**Exercise:** Give back all of the data exactly as it stands, with the pictures removed.

**Source data:**
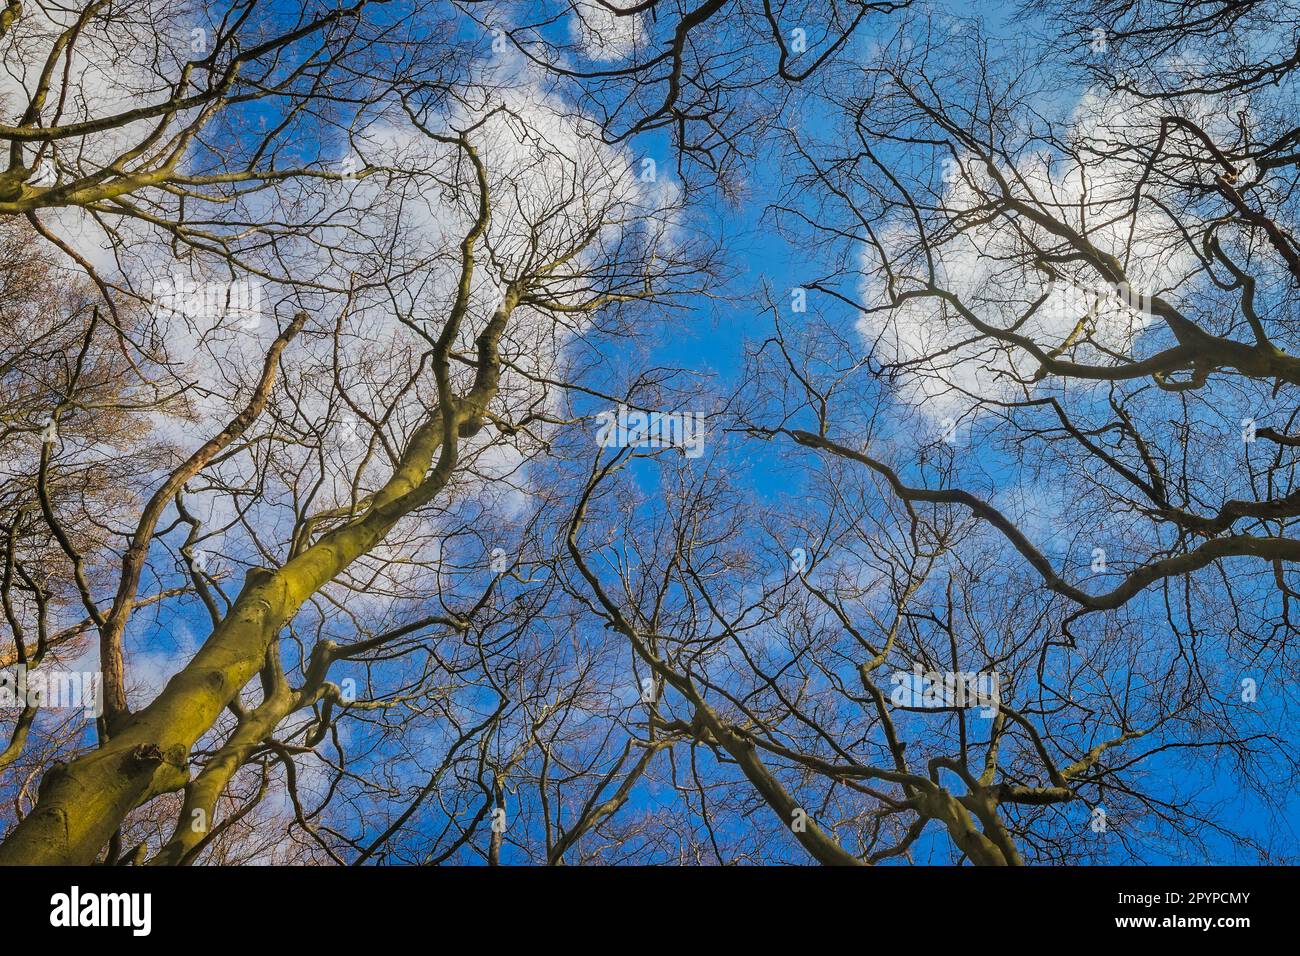 Looking skywards in Hampstead Heath, London Stock Photo
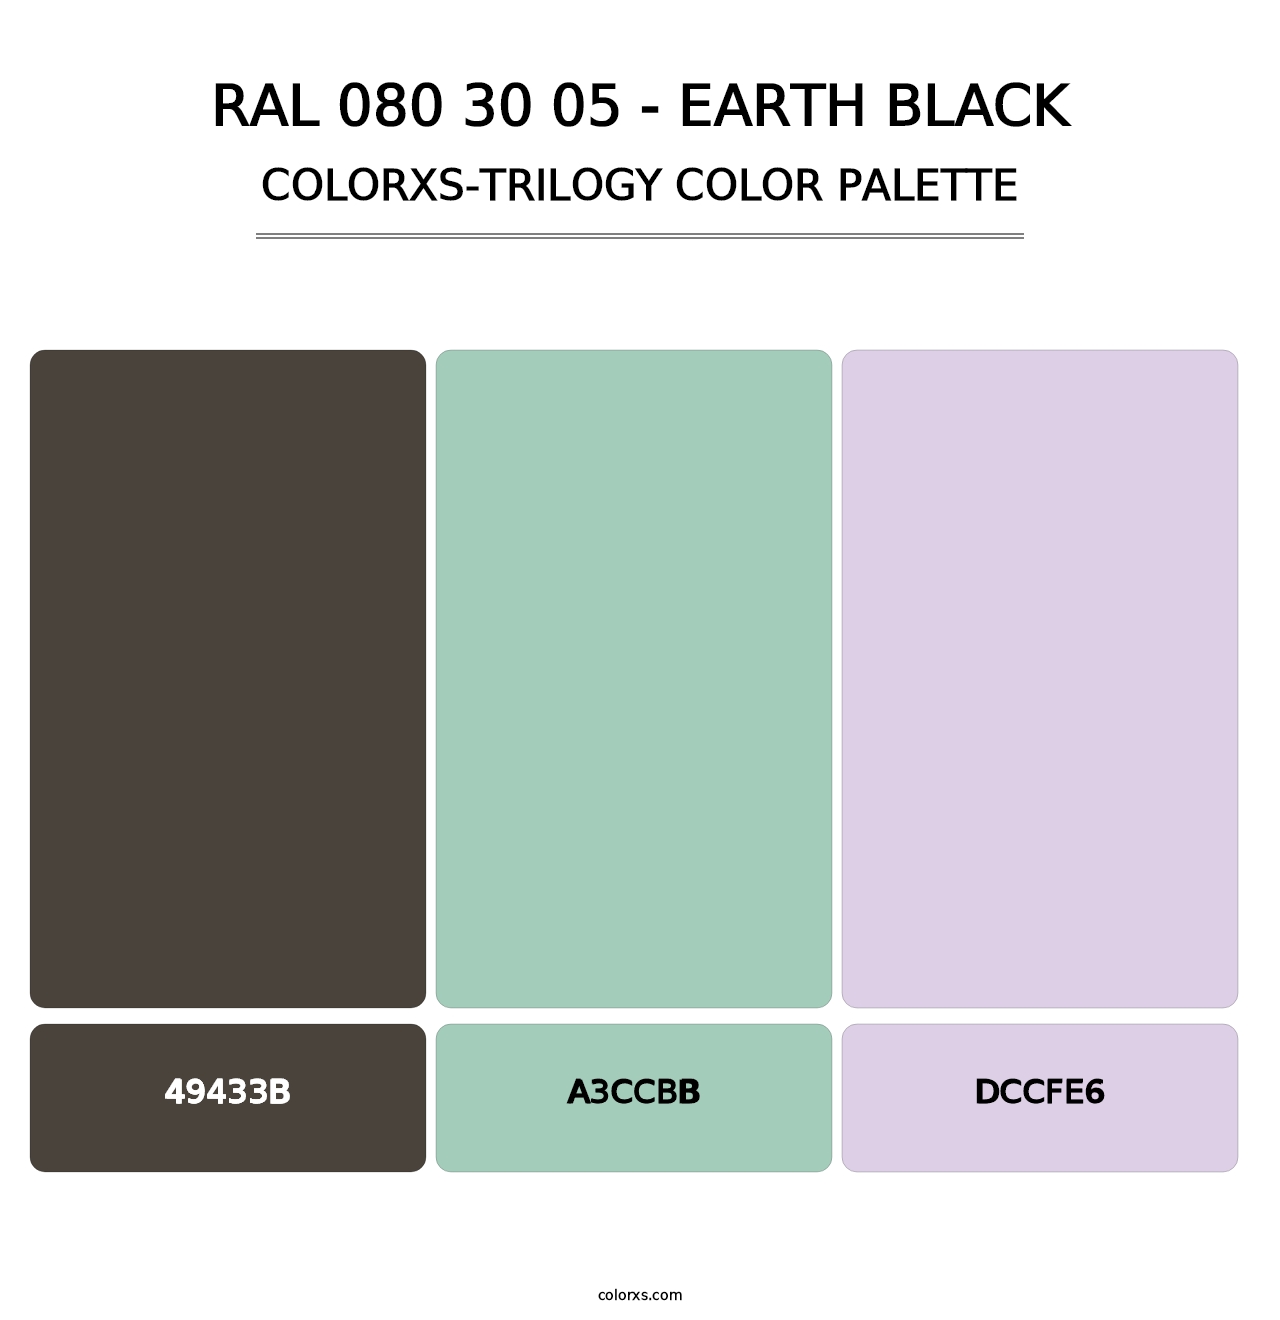 RAL 080 30 05 - Earth Black - Colorxs Trilogy Palette
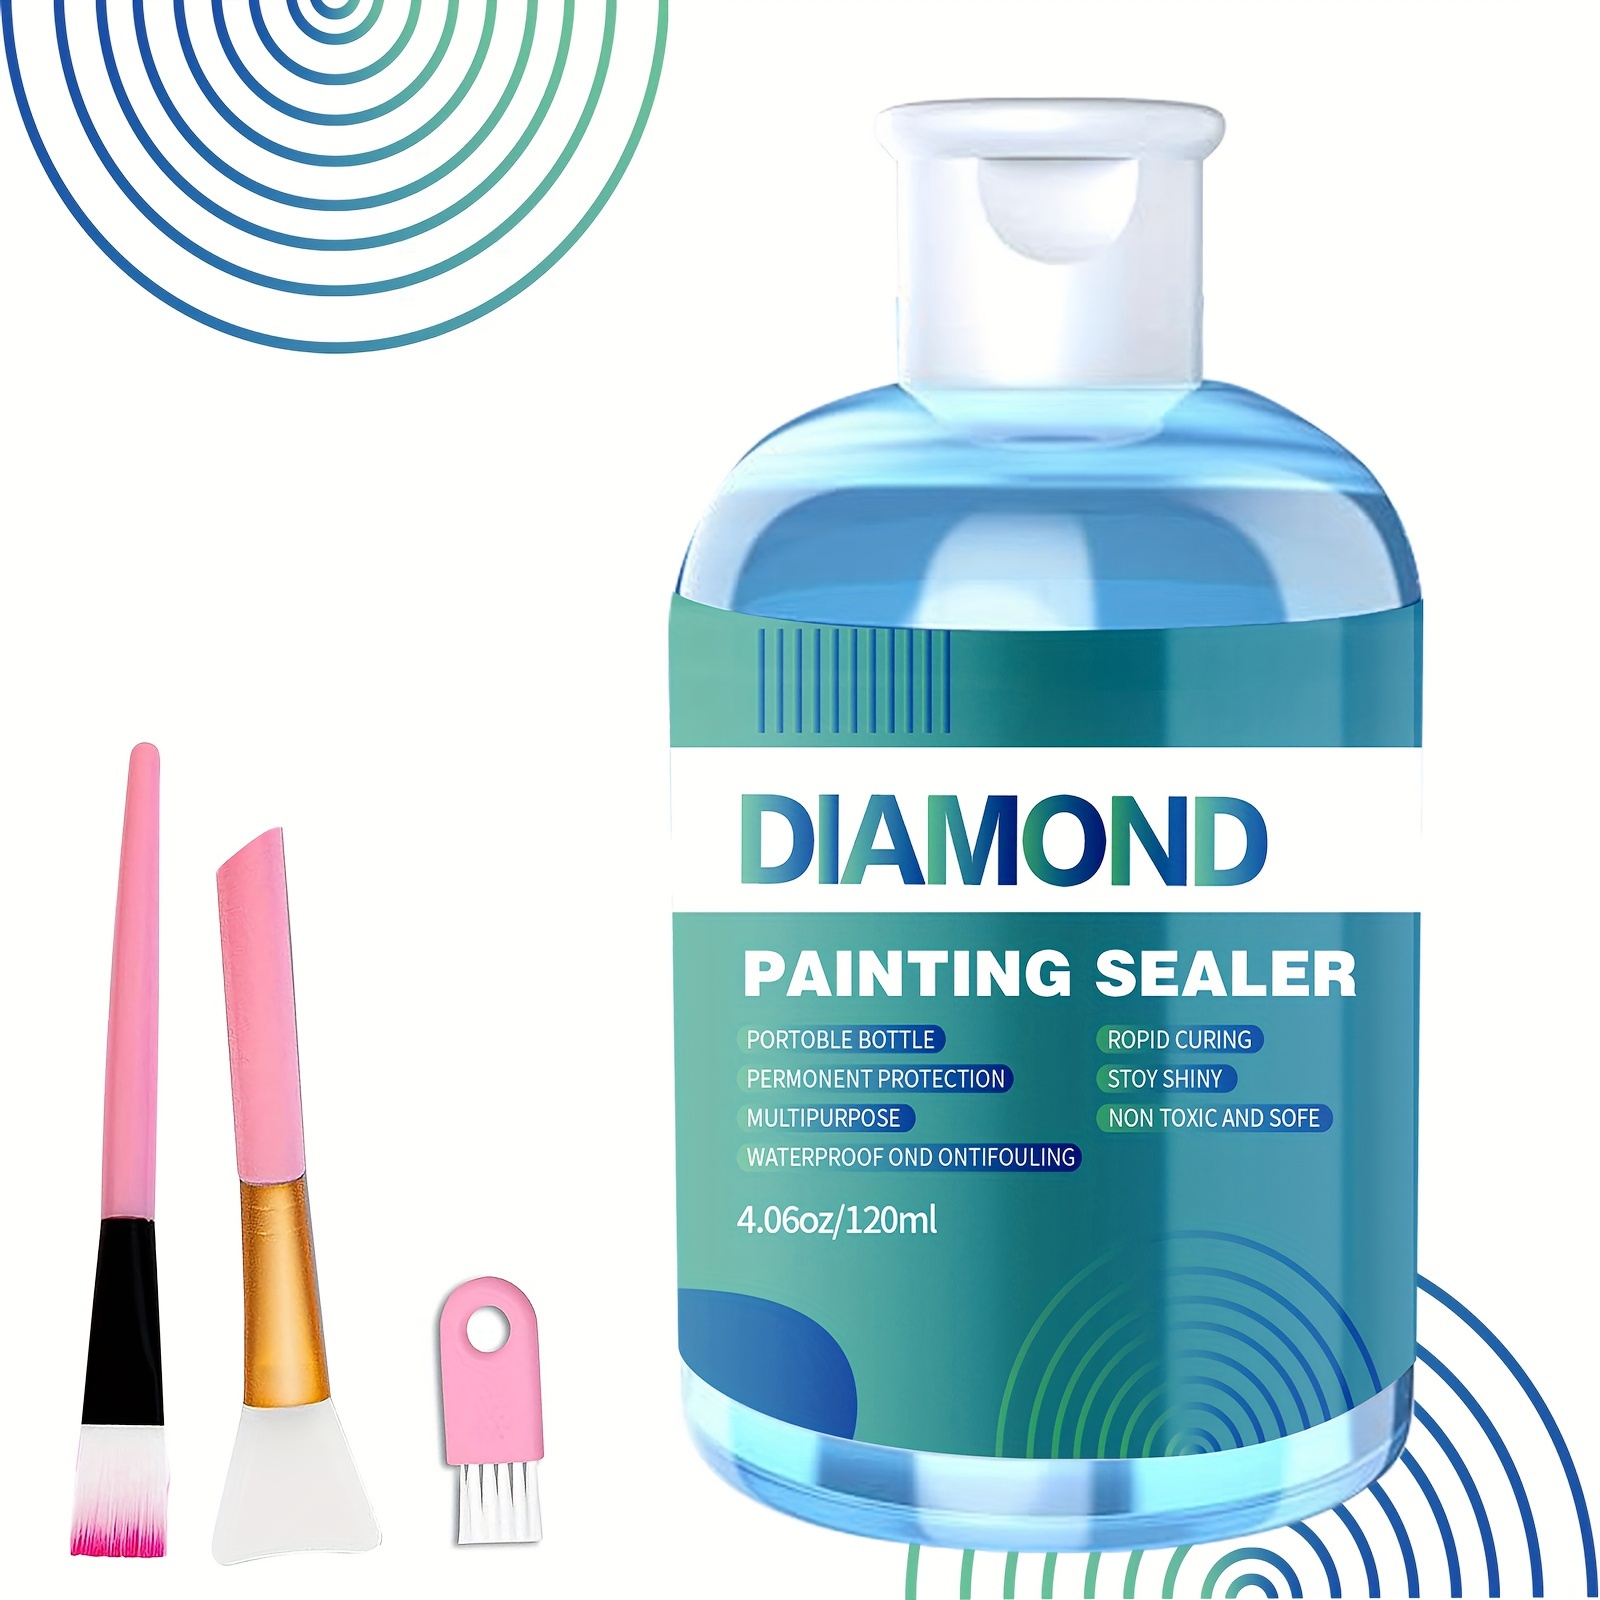 Updated Diamond Painting Sealer 200ML with Silicone Brush 2 Packs

**Task answer:**
 Looking skywards in Hampstead Heath, London Stock Photo
 RAL 080 30 05 - Earth Black - Colorxs Trilogy Palette
 Updated Diamond Painting Sealer 200ML with Silicone Brush 2 Packs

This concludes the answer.